#### Given data:
☆ ☆ ☆ ☆ ☆

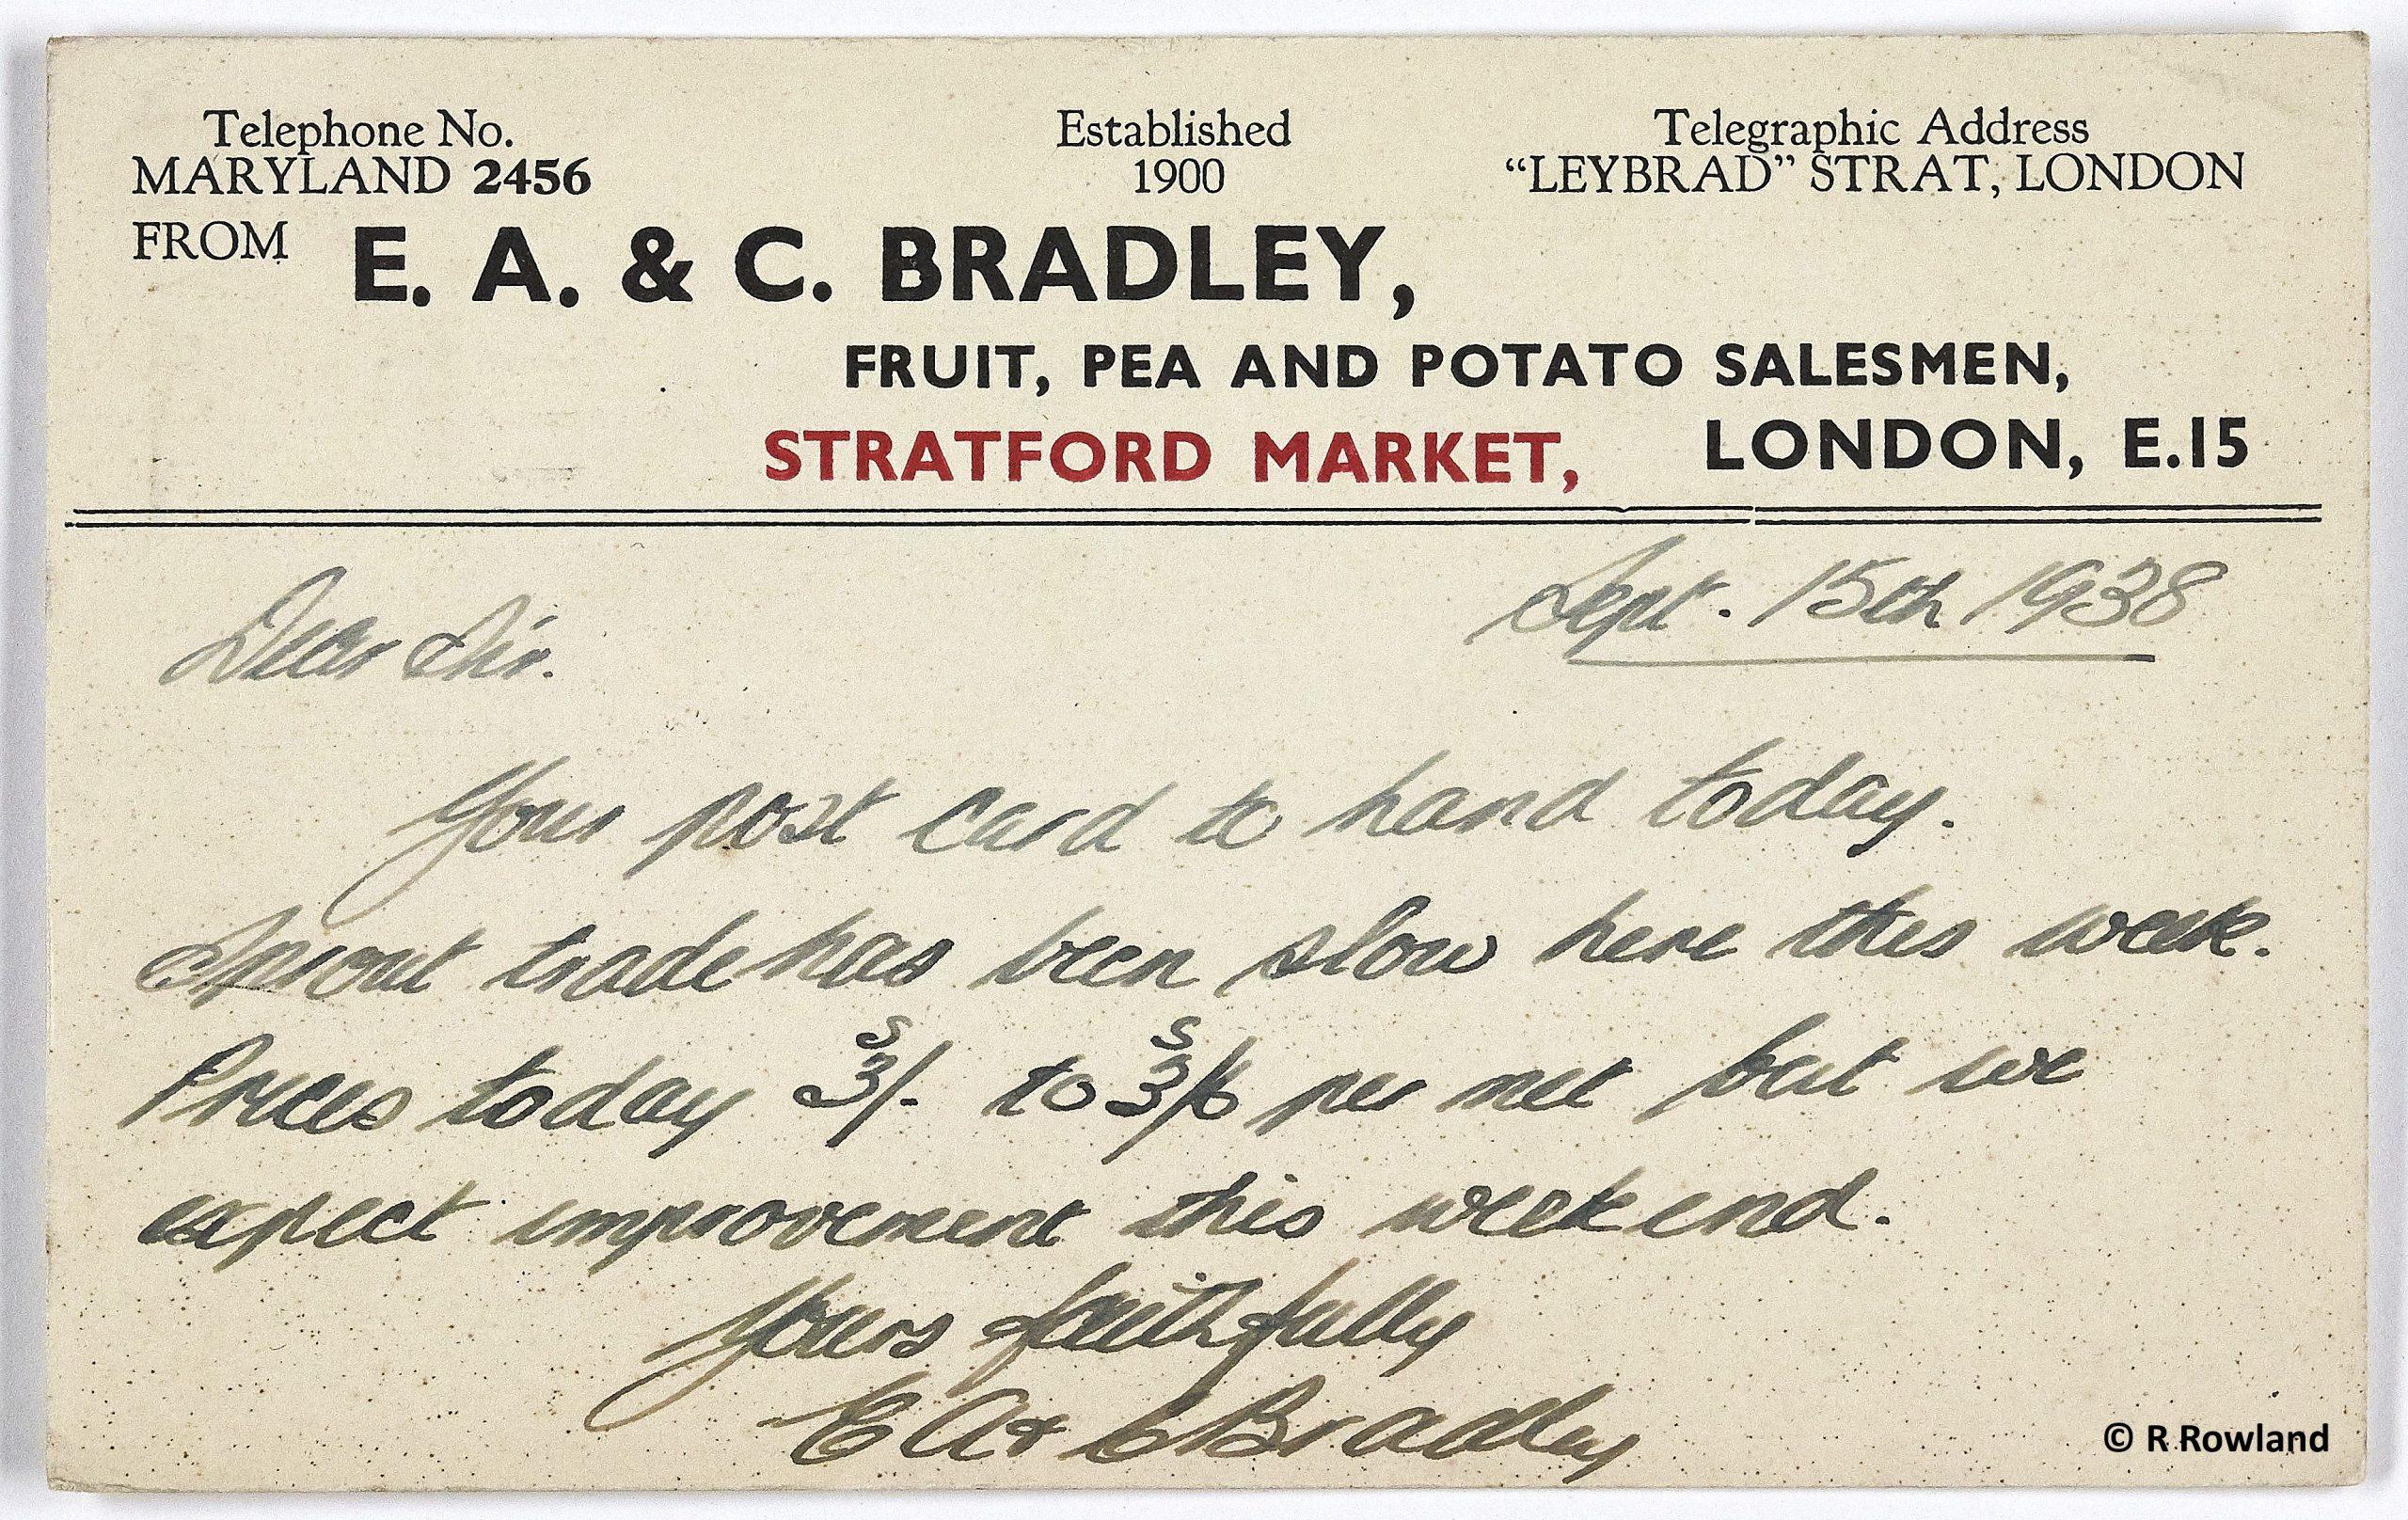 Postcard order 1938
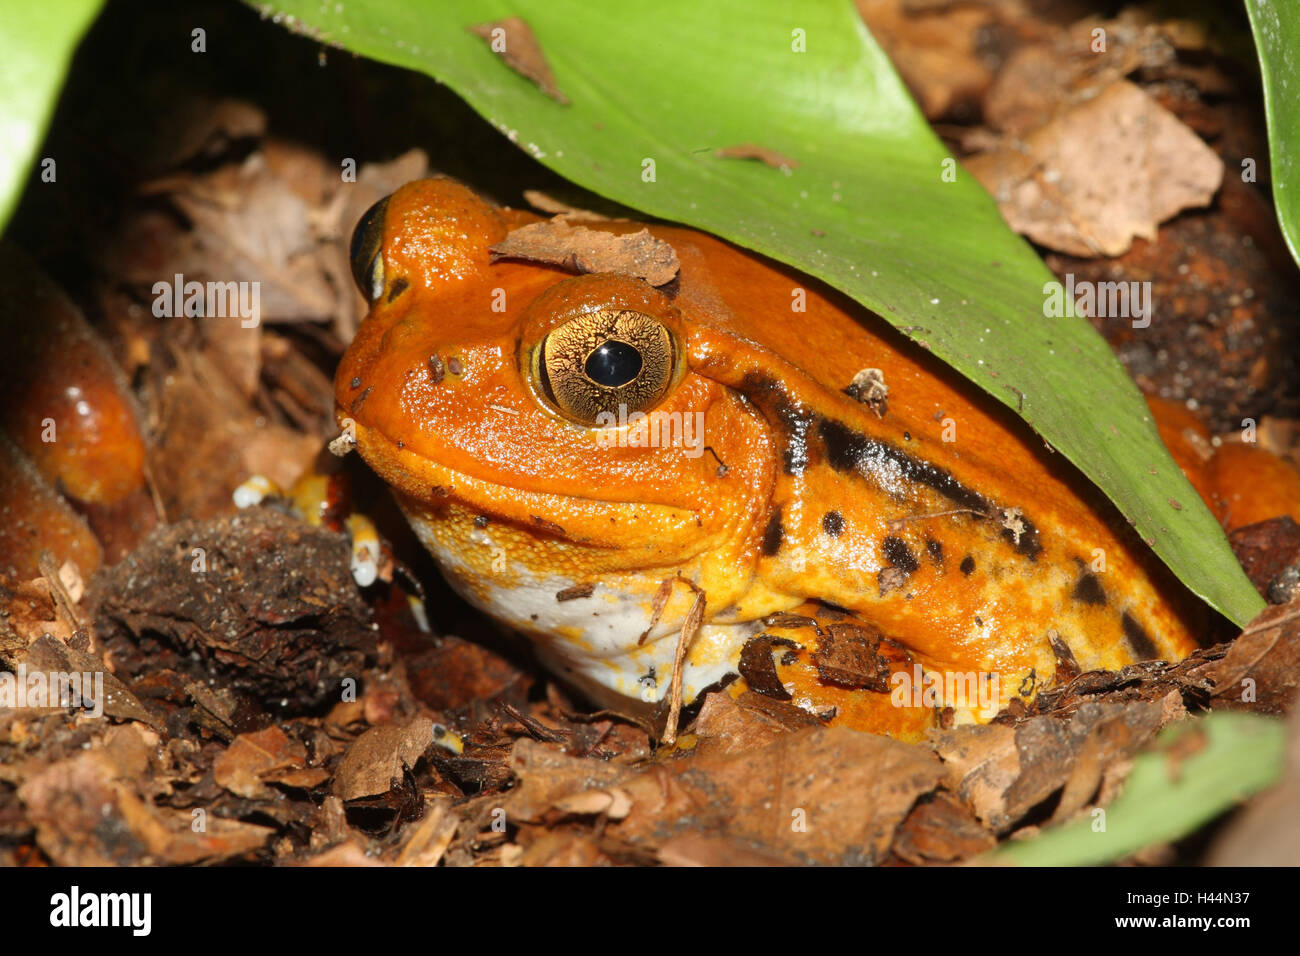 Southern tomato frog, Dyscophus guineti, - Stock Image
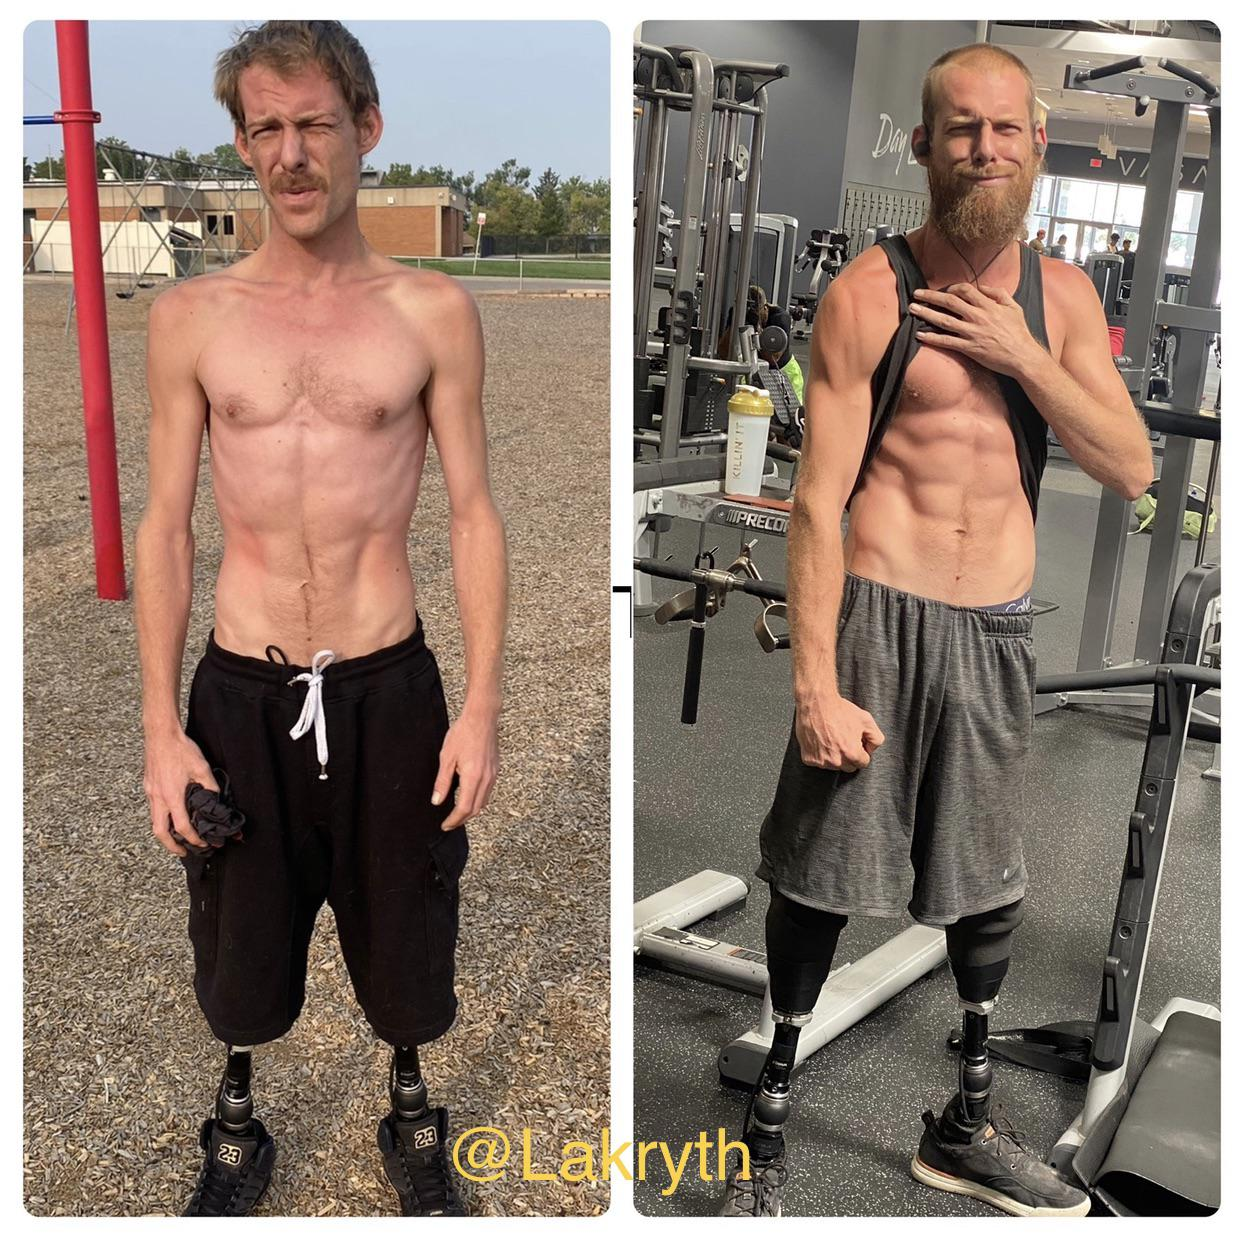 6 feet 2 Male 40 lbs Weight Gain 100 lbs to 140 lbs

☆ ☆ ☆ ☆ ☆

#### What the task asks:
Line by line, write out the material above exactly, with no images.

#### Solved exercise:
 Postcard order 1938
 Southern tomato frog, Dyscophus guineti, - Stock Image
 6 feet 2 Male 40 lbs Weight Gain 100 lbs to 140 lbs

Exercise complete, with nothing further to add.